Provided data:

- - -

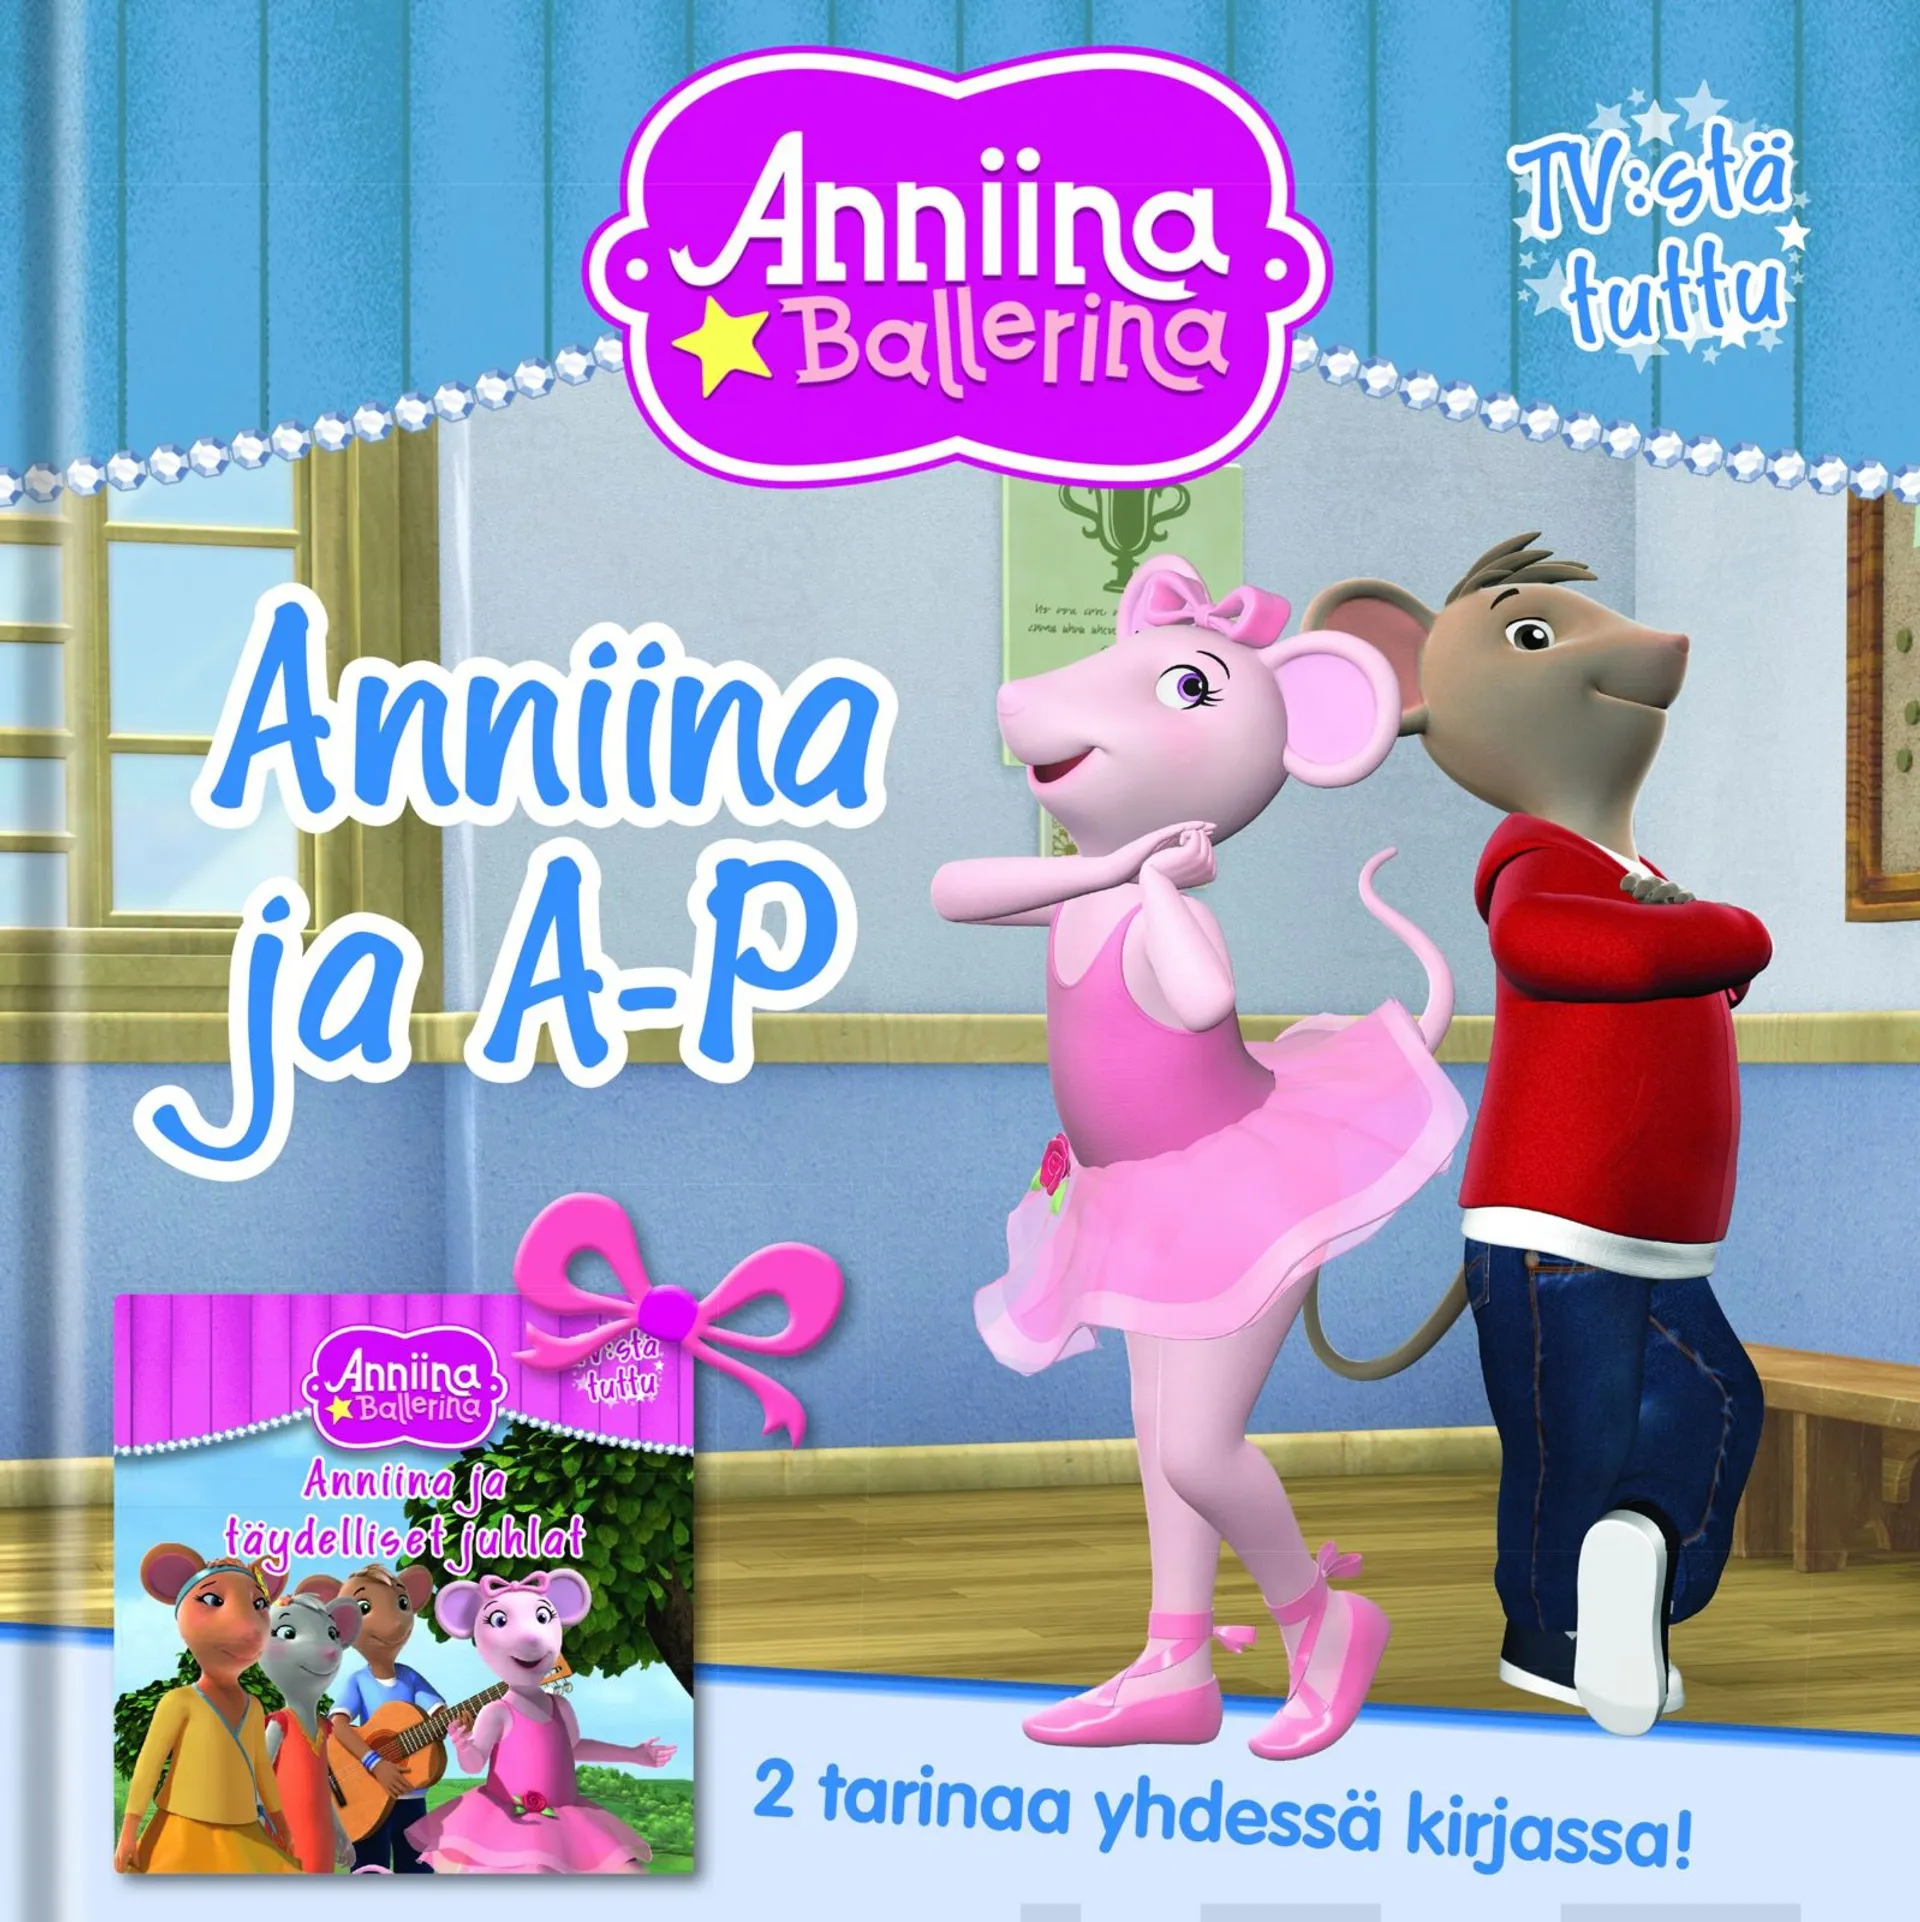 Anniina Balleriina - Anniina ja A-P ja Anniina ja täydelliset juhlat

- - -

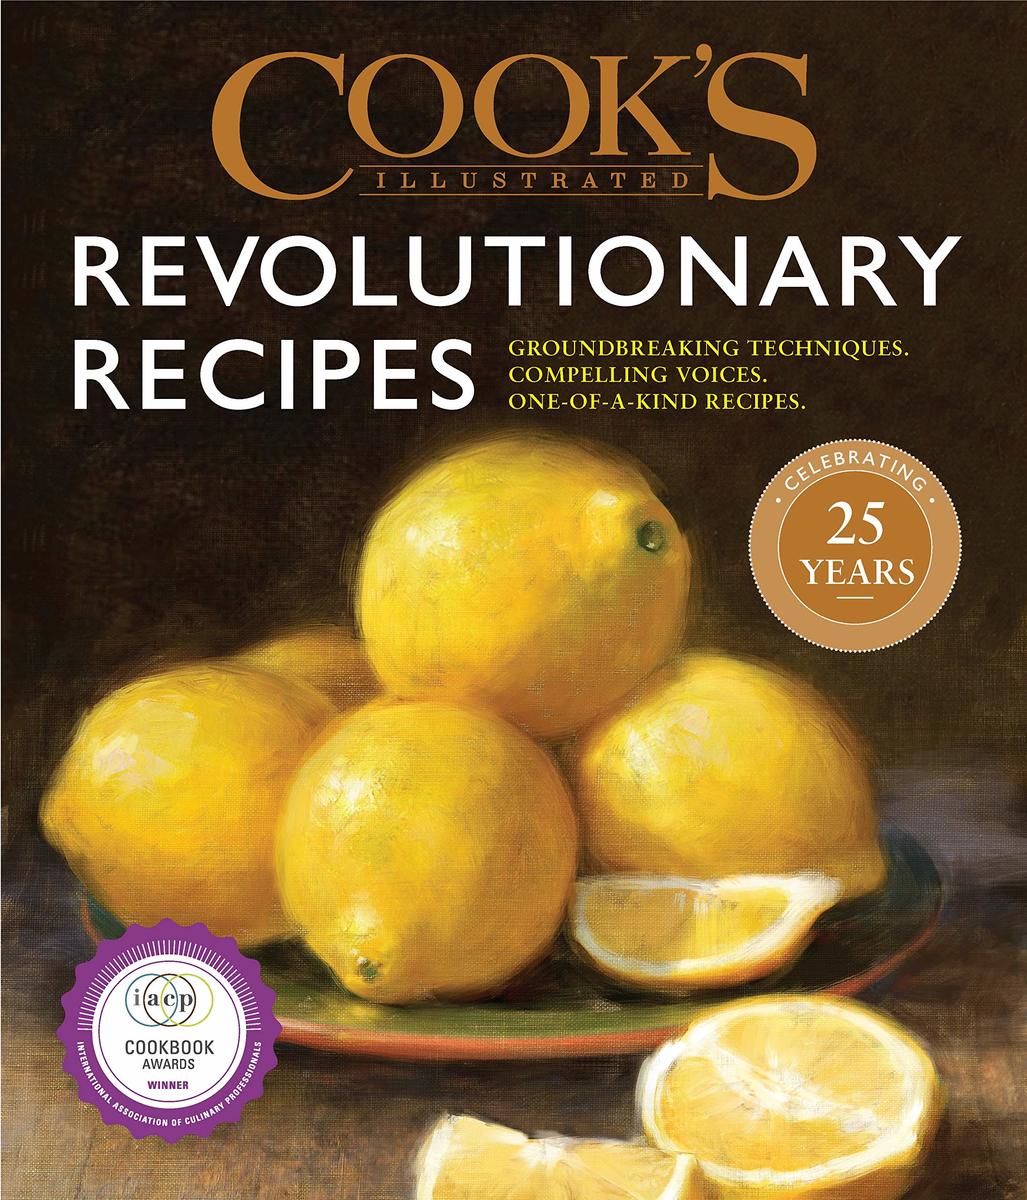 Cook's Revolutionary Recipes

- - -

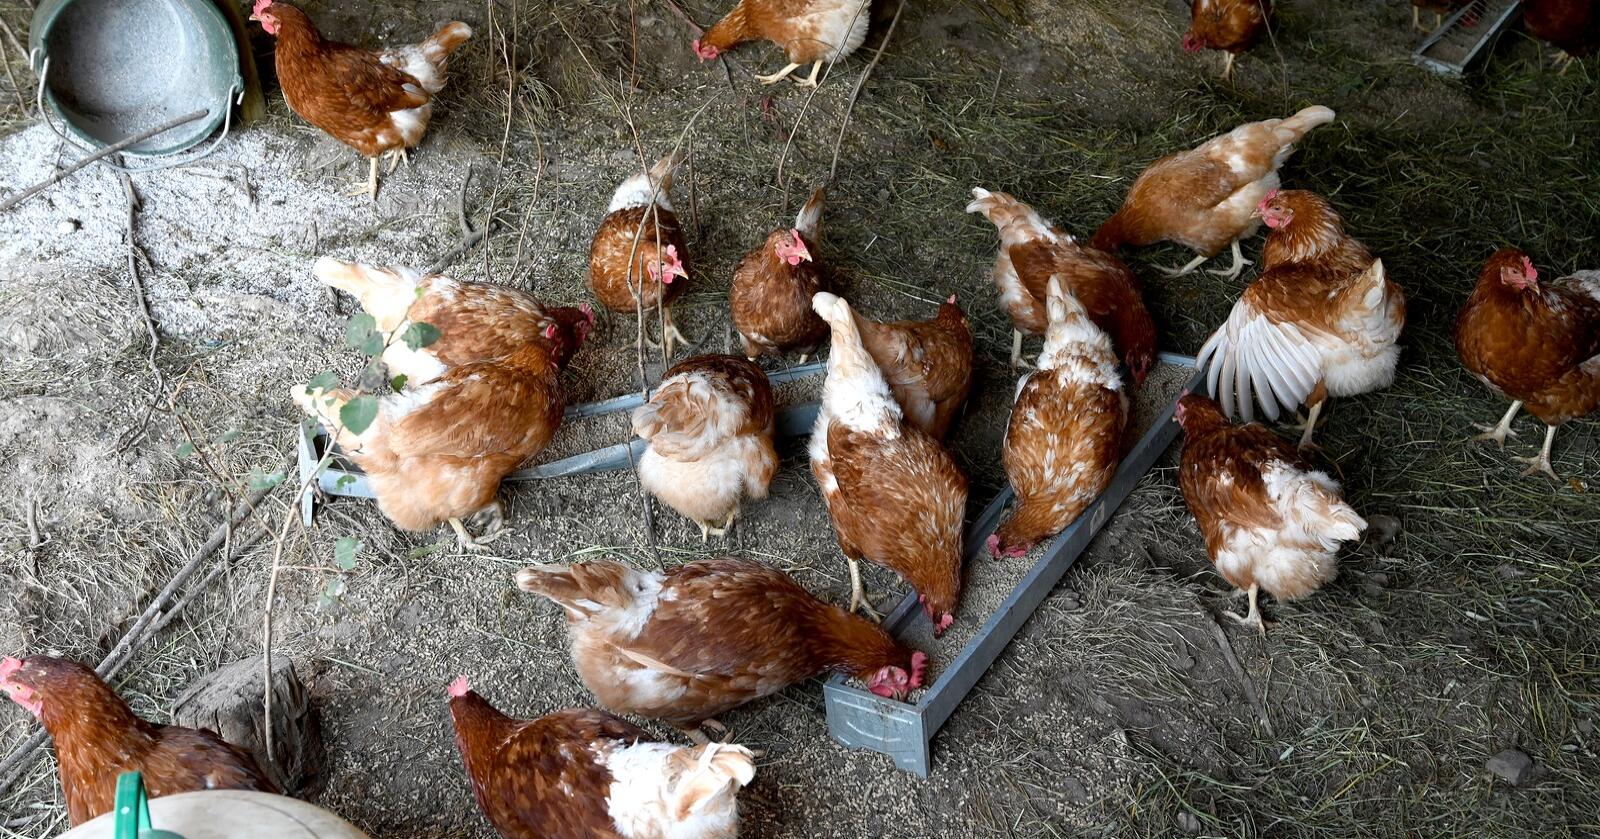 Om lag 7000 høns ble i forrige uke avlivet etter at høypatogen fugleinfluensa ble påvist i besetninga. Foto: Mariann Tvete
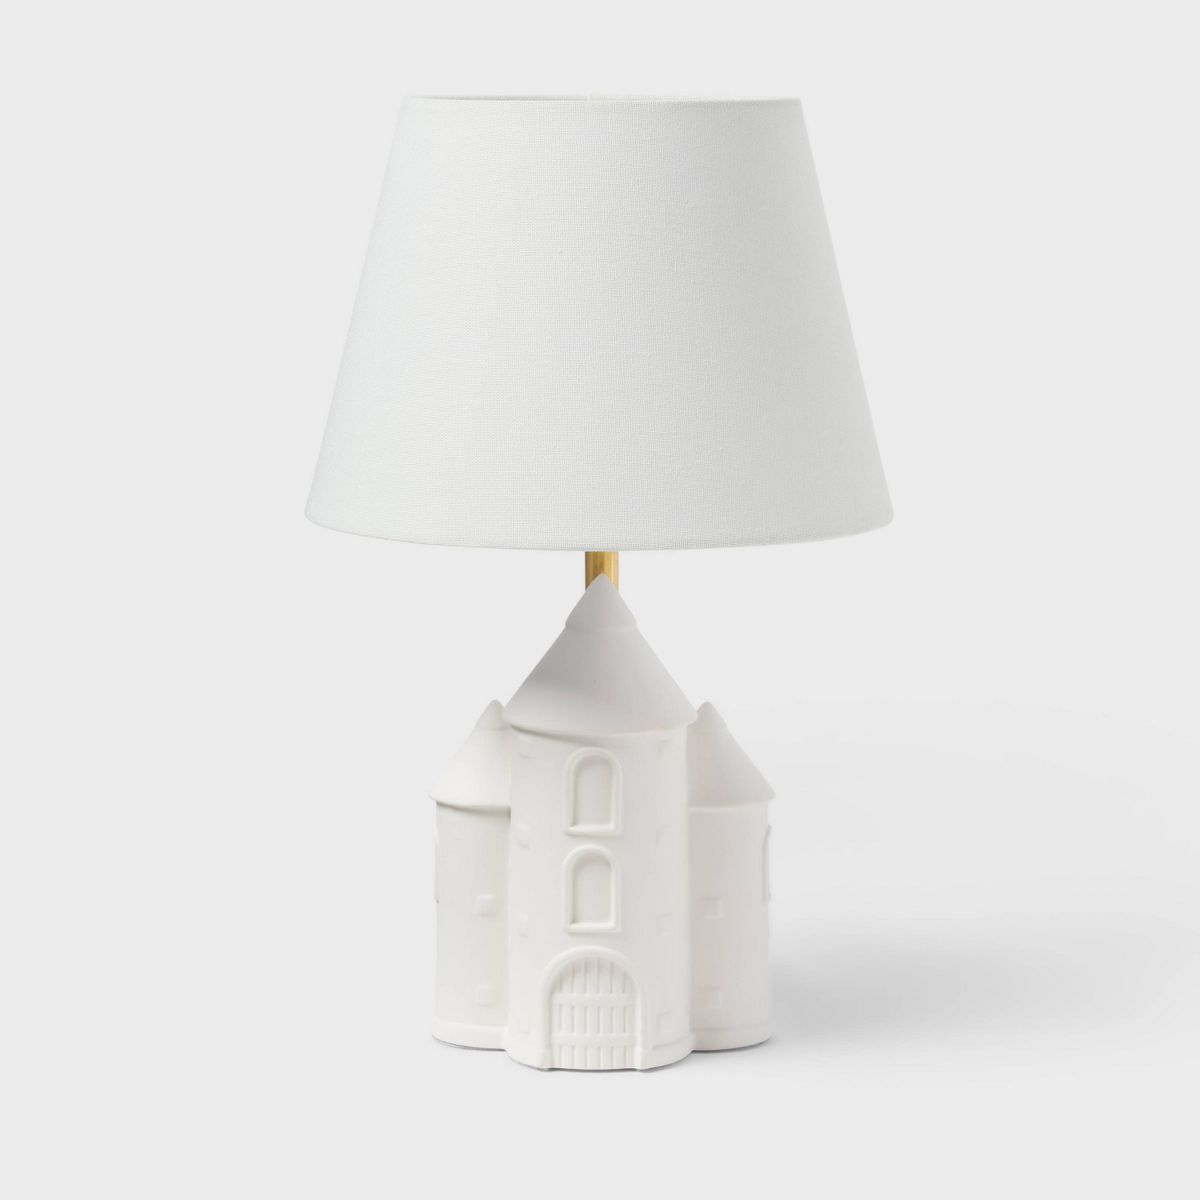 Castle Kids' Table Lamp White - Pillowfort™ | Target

- - -

What the exercise asks:
The material above holds pictures; leave them out and set down exactly the lines from the line with "Om lag 7000" to the line with "Castle Kids' Table", both included.

Solution below:
 Om lag 7000 høns ble i forrige uke avlivet etter at høypatogen fugleinfluensa ble påvist i besetninga. Foto: Mariann Tvete
 Castle Kids' Table Lamp White - Pillowfort™ | Target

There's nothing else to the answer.